During your Coli studies you encounter many difficulties of theoretical and technical nature. Thankfully there is the world wide web with a multitude of resources which can help you with dealing with these difficulties.
This list is an attempt to give an overview over those resources, many of which we already profited of.
There are different kinds of resources:
- Extensive introductions into a field, for which you should schedule some time.
- Web tools, to get quick calculations or drawings.
- Compendium-like overviews.
- Software libraries.
The Gruppe Technik also maintains a web surface for the version control system SVN, which isn’t used much.
Corpora, Parser etc.
The Wiki page for available resources explains everything necessary. (At least in German.)
Student- and Open-for-students servers:
- ella.cl.uni-heidelberg.de: Computing servers; 32 Cores, 125 GiB Main memory.
- last.cl.uni-heidelberg.de: Computing servers; 40 Cores, 504 GiB Main memory.
- knopfler.cl.uni-heidelberg.de: Web server; 1 Core, 4 GiB Main memory; only possibility to host web services outwards (contact the GT).
The Gruppe Technik has many interesting facts about infrastructure on their Wiki page (in German).
- Hackernews provides news for hackers. Including machine learning or even Python.
- /r/Python/ is a subreddit with news about Python, i.e. new versions, new modules or projects realised with Python.
- /r/MachineLearning/ is all about machine learning, i.e. new algorithms, new implementations or discussions.
- Web tool for quick drawings of deterministic machines.
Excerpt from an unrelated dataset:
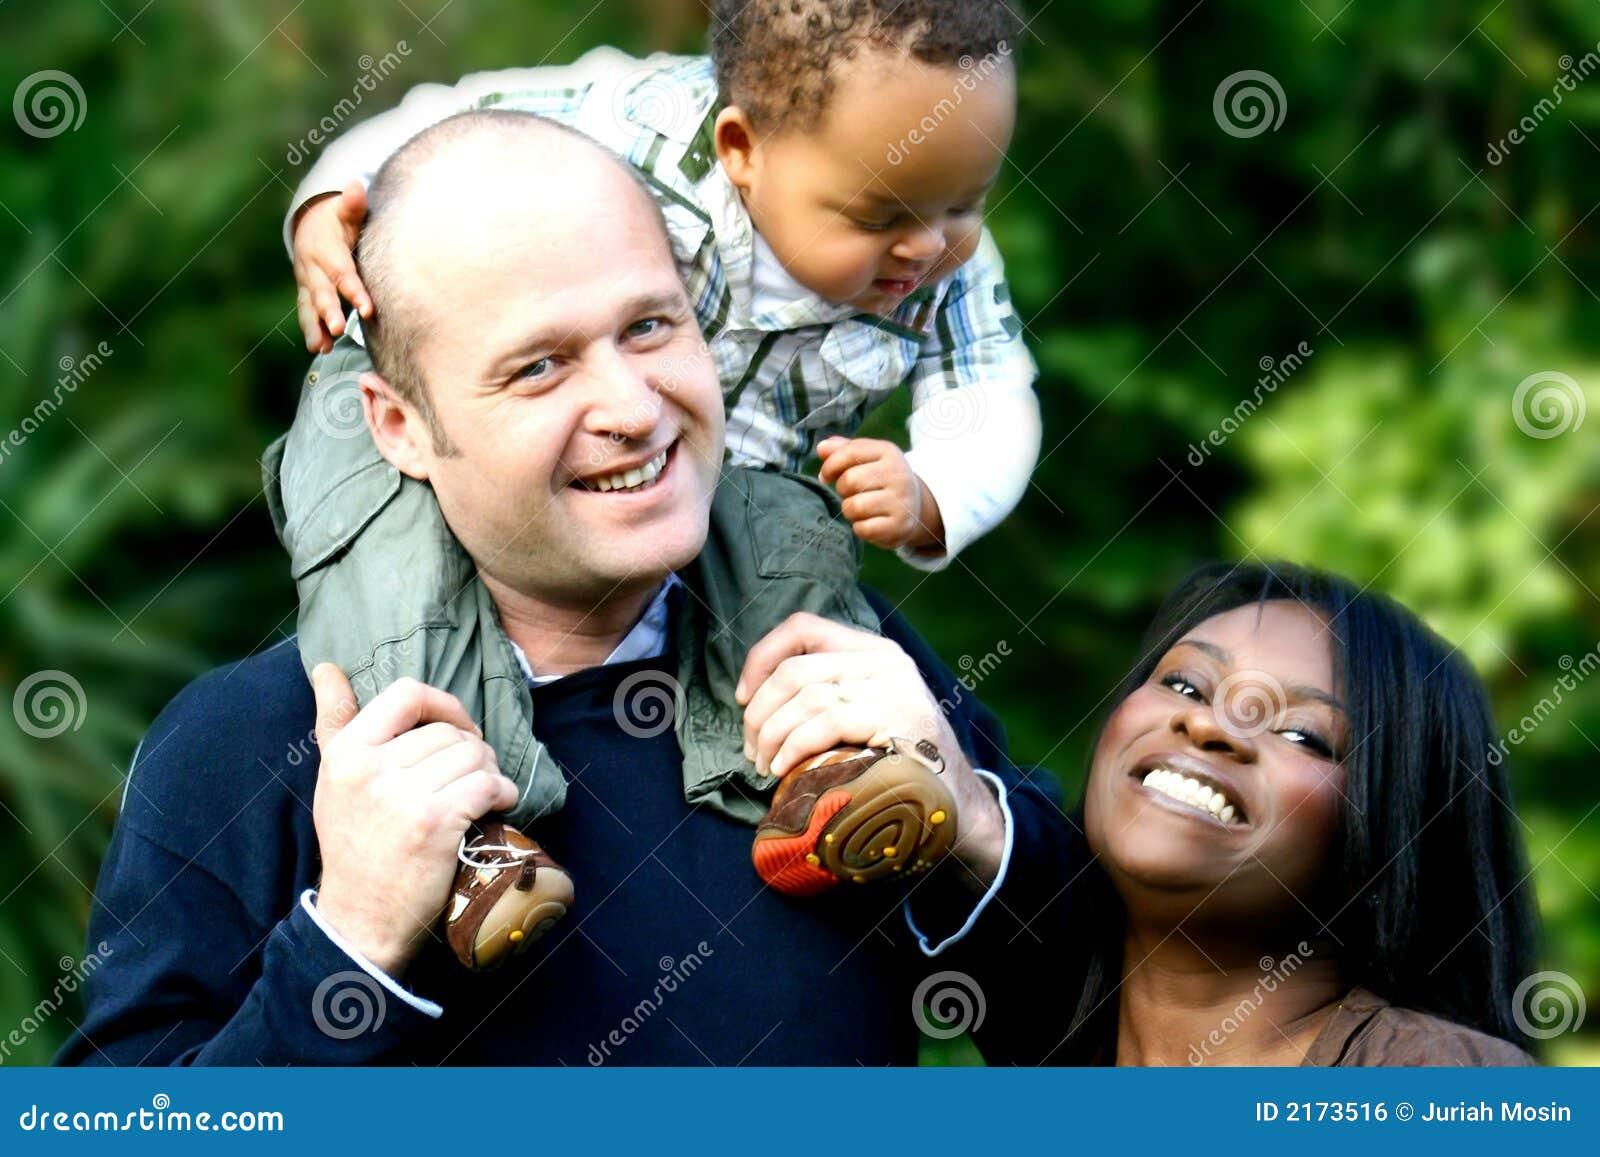 Family Diversity Royalty Free Stock Image - Image: 2173516

- Web tool for designing diagrams like flow charts.
- Minimum Edit Distance Calculator with visualisations.
- Overleaf allows collaborative editing of LaTeX documents (which you will write a lot of during your studies).
Tutorials and Overviews
Programming and Automation
Even though Shell (and especially Bash) are important for daily data processing and programming tasks, there is no introduction into the field (except the resource course). Private study is recommended.
- Introduction to Bash and environment, as well as tools like sed and awk.
- Introduction to Bash with some good tables at the end.
- The Natural Language Processing with Python page is a tutorial for working with NLTK.
- The YouTube channel Sentdex highlights what is possible with Python (Stock market prediction, machine learning, but also NLP.
- The YouTube channel Sirajalogy reports new research, like Reinforcement Learning or GANs, in an easy to digest format for newcomers.
- The LaTeX for Linguists page gives an overview over many LaTeX packages relevant to linguistics.
- A student from Heidelberg provides a good and simple Introduction to LaTeX, for which every lecture and assignment is online. Recommended for working through completely or for quick reference.
Here are a few interesting libraries, so you don’t have to implement them yourselves.
- fuzzywuzzy: fuzzywuzzy is a library that allows for loose string matching (Levenshtein), but also filtering.
- langdetect: langdetect is a quick and easy way to find out in what language someone is talking to you.
- statsmodels: statsmodels includes many features for statistical analysis of data, like correlation.
- sklearn: sklearn implements many machine learning algorithms.
- scipy: scipy implements features for scientific working, like correlation tests or common similarity measures.
- sympy: sympy provides a more natural syntax for maths functions in Python which you can then simplify, devise, integrate or evaluate with inserted numbers.
- pandas: pandas simplifies tables.
- nltk: nltk includes many text processing features.
- spacy: spacy implements state of the art algorithms for pos tagging, dependency parsing and NER.
- textblob: Is you go-to for English text processing, like sentiment analysis.
- textblob-de: Like textblob, but more German.
- polyglot: Pos tagging and sentiment analysis in over 100 languages.
- requests: Simplifies working with HTTP requests.
- bs4: Easy parsing for XML and HTML.
- scrapy: Framework for programming scrapers.
- flask: Web framework with many freedoms. Most of all recommended for small projects or out-there use cases.
- django: Web framework with a harder framework than flask. Useful for bigger projects; especially when using a database.
- keras: Framework for easy creation of neural nets. Abstraction layer on top of Tensorflow or Theano.
- tensorflow: Tensorflow is a platform independent open source library for artificial intelligence close to language processing and image recognition.
- pytorch: Pytorch is similar to tensorflow with better integration with Python. For loops are really integrated in this one.
- textract: Gets texts out of PDFs.
- jupyter-notebook: Module to combine code and text and reliable for teaching. Jupyter-notebook is a web based interactive mode of Python, in which, for example, images can be embedded.
- matplotlib: The classic visualisation library for Python.
- seaborn: Addon for matplotlib with nice defaults automated integration of panda’s dataframes.